A sphere of uniform density d1 has a radius R. It also consists of a hollow sphere of radius r. the sphere floats slightly on water of density d2. Find r.
To find the value of r, we can use the principle of buoyancy.
Buoyancy is the upwards force exerted on an object submerged (or partially submerged) in a fluid, due to the difference in pressure between the top and bottom surfaces of the object. In the case of floating objects, the buoyant force is equal to the weight of the fluid displaced by the object.
First, let's calculate the weight of the sphere.

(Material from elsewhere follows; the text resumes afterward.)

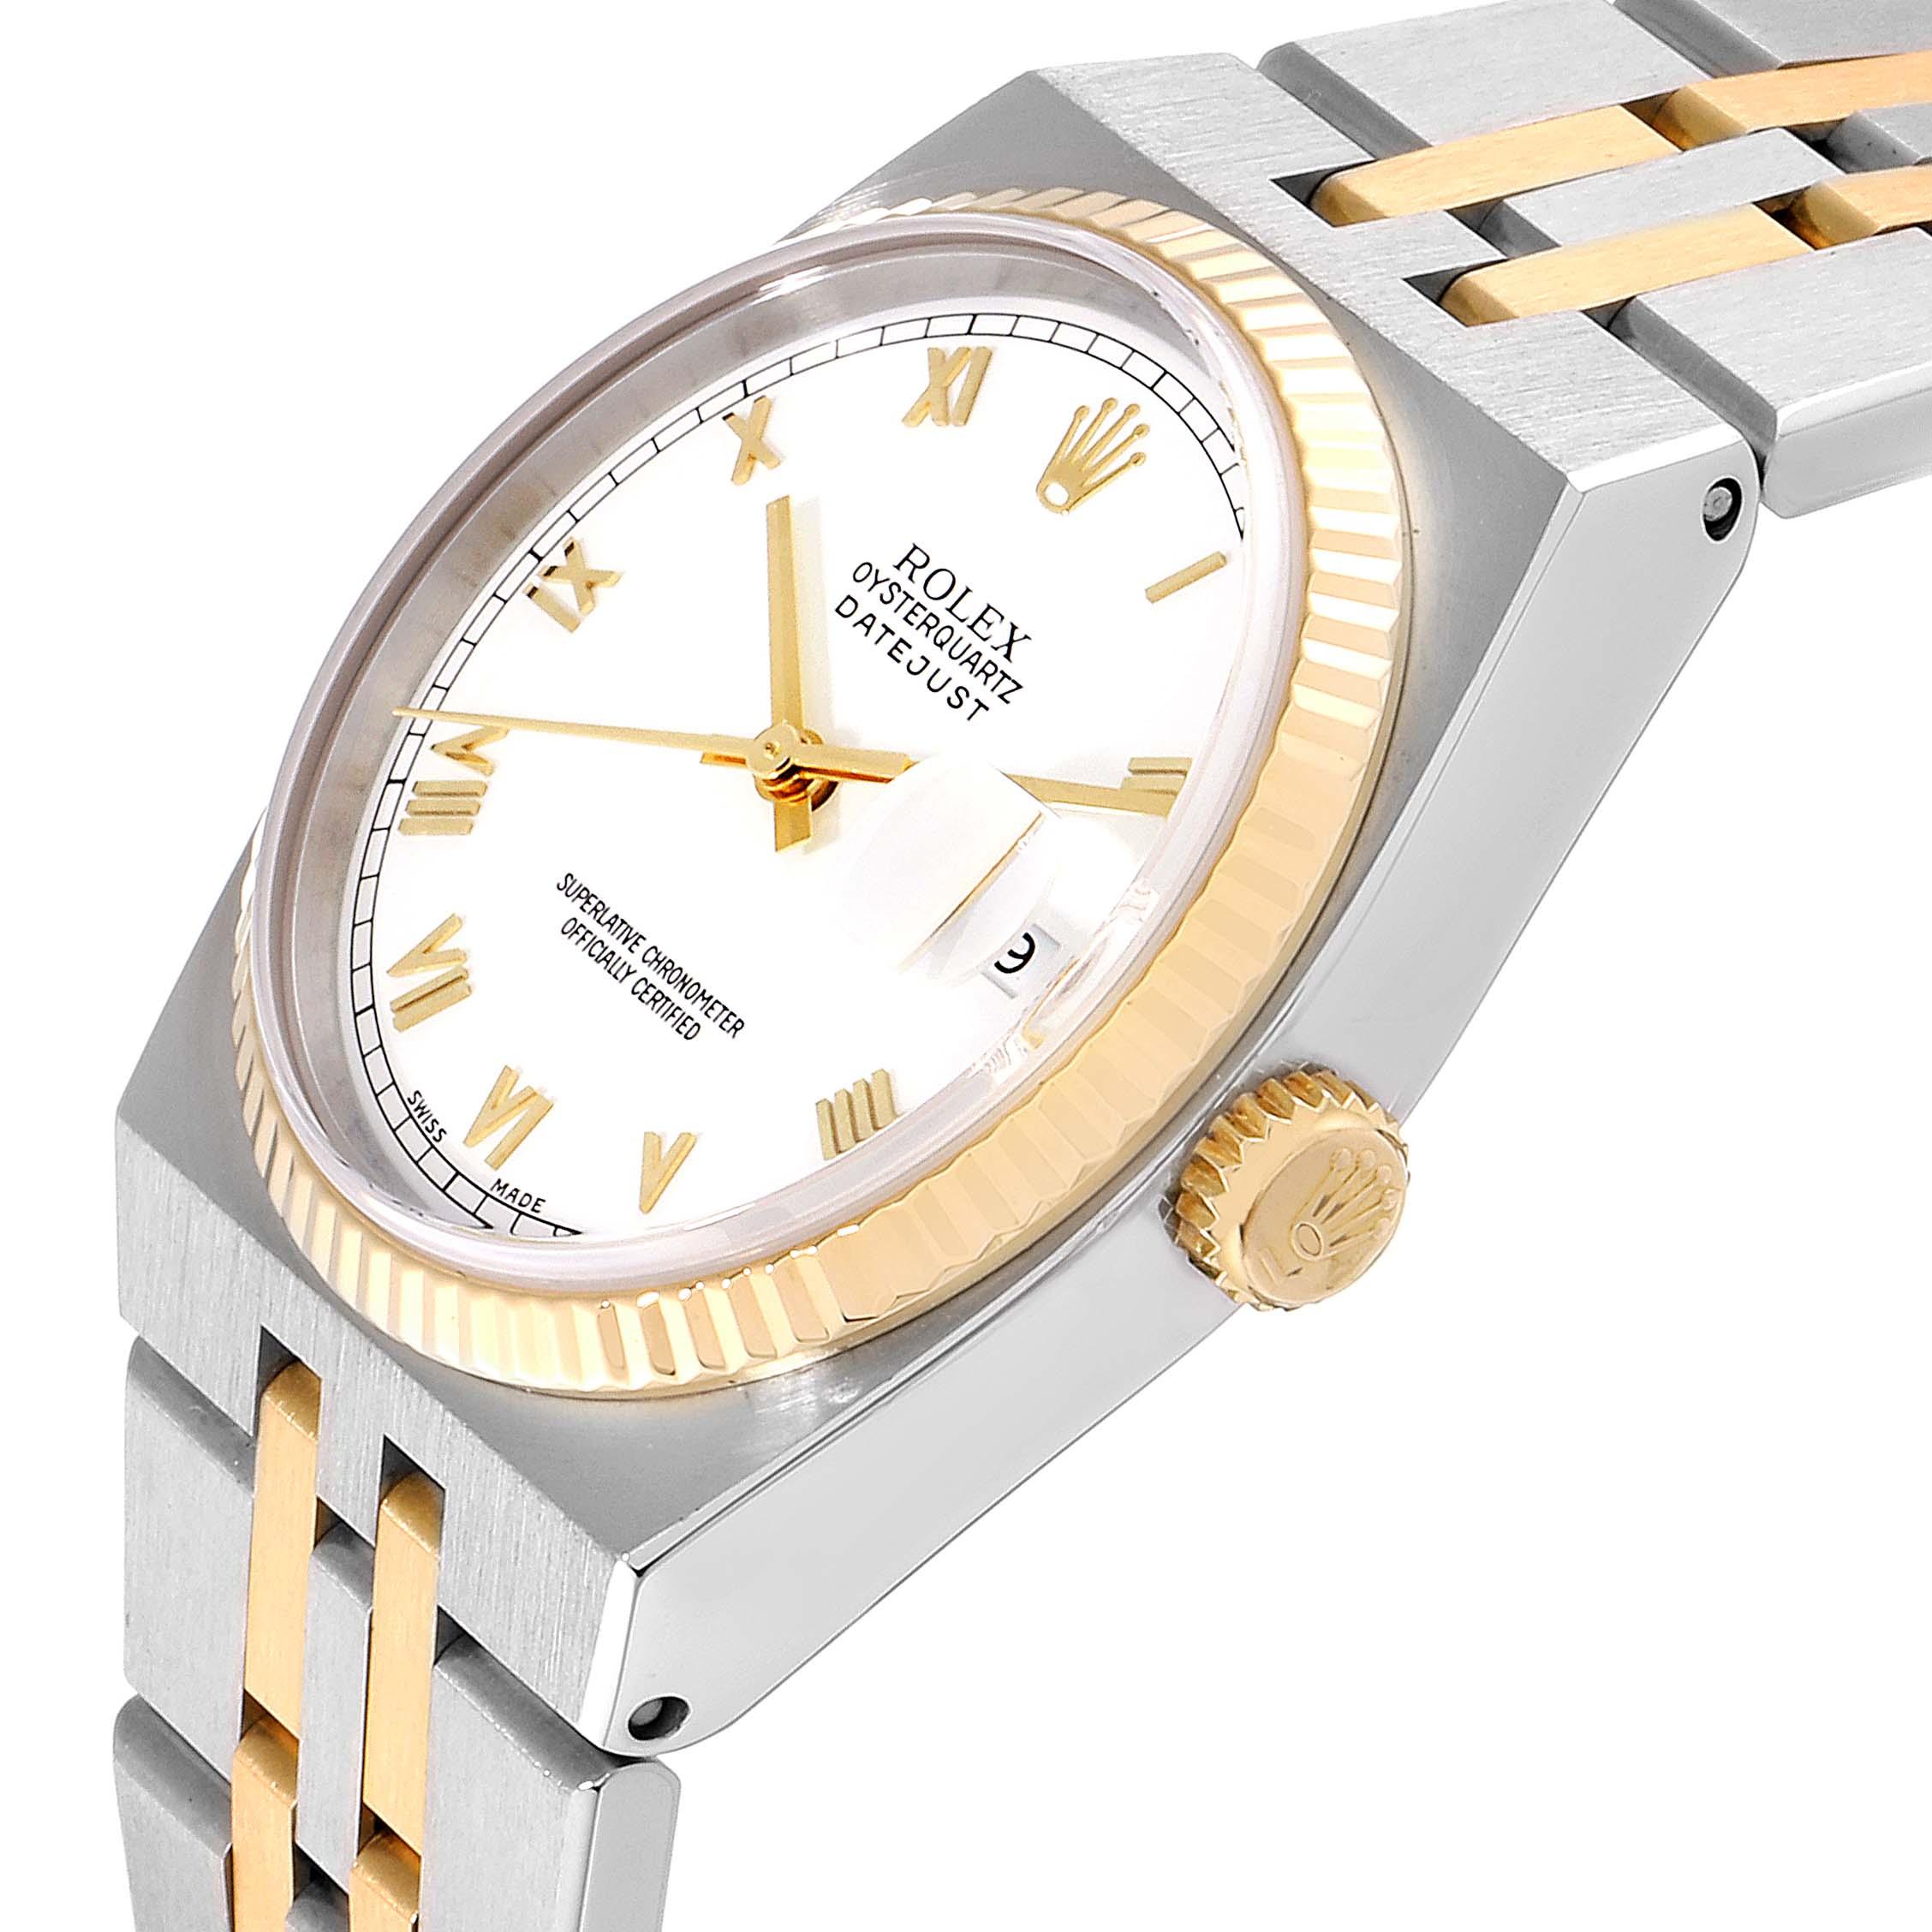 Rolex Oysterquartz Datejust Steel Yellow Gold White Dial Watch 17013 SwissWatchExpo

The weight of an object can be calculated using the formula: weight = mass * g, where g is the acceleration due to gravity (approximately 9.8 m/s²).
The mass of a sphere can be calculated using the formula: mass = density * volume.
The volume of a solid sphere can be calculated using the formula: volume = (4/3) * π * r³.
Since the sphere consists of a hollow portion, we need to subtract the volume of the hollow portion from the total volume to get the volume of the solid portion.
The volume of the hollow portion can be calculated using the formula: volume = (4/3) * π * (r² - R²).
Once we have the weight of the sphere, we can calculate the weight of fluid displaced by the sphere using the formula: weight_displaced = density_water * volume_displaced.
Since the sphere is floating, the weight of the fluid displaced is equal to the weight of the sphere (buoyant force = weight of the fluid displaced).
Therefore, we can set up the equation: weight_displaced = weight_sphere.
Let's substitute the values and solve the equation to find the value of r.
Final equation: density_water * volume_displaced = density_sphere * (volume_solid - volume_hollow)
Substituting the formulas for volume and simplifying, we get:
density_water * (4/3 * π * r³) = density_sphere * (4/3 * π * r³ - 4/3 * π * (r² - R²))
Canceling out common terms and simplifying further, we get:
density_water * r³ = density_sphere * r³ - density_sphere * (r² - R²)
Rearranging the equation, we obtain:
density_sphere * (r² - R²) = density_water * r³
Finally, solving for r, we get:
r = [density_sphere * R²] / [density_sphere - density_water]
Substituting the values of density_sphere = d1 and density_water = d2, we can calculate the value of r using their respective densities and the given values of R and d1.
I hope this explanation and the provided formula help you find the value of r in the given scenario.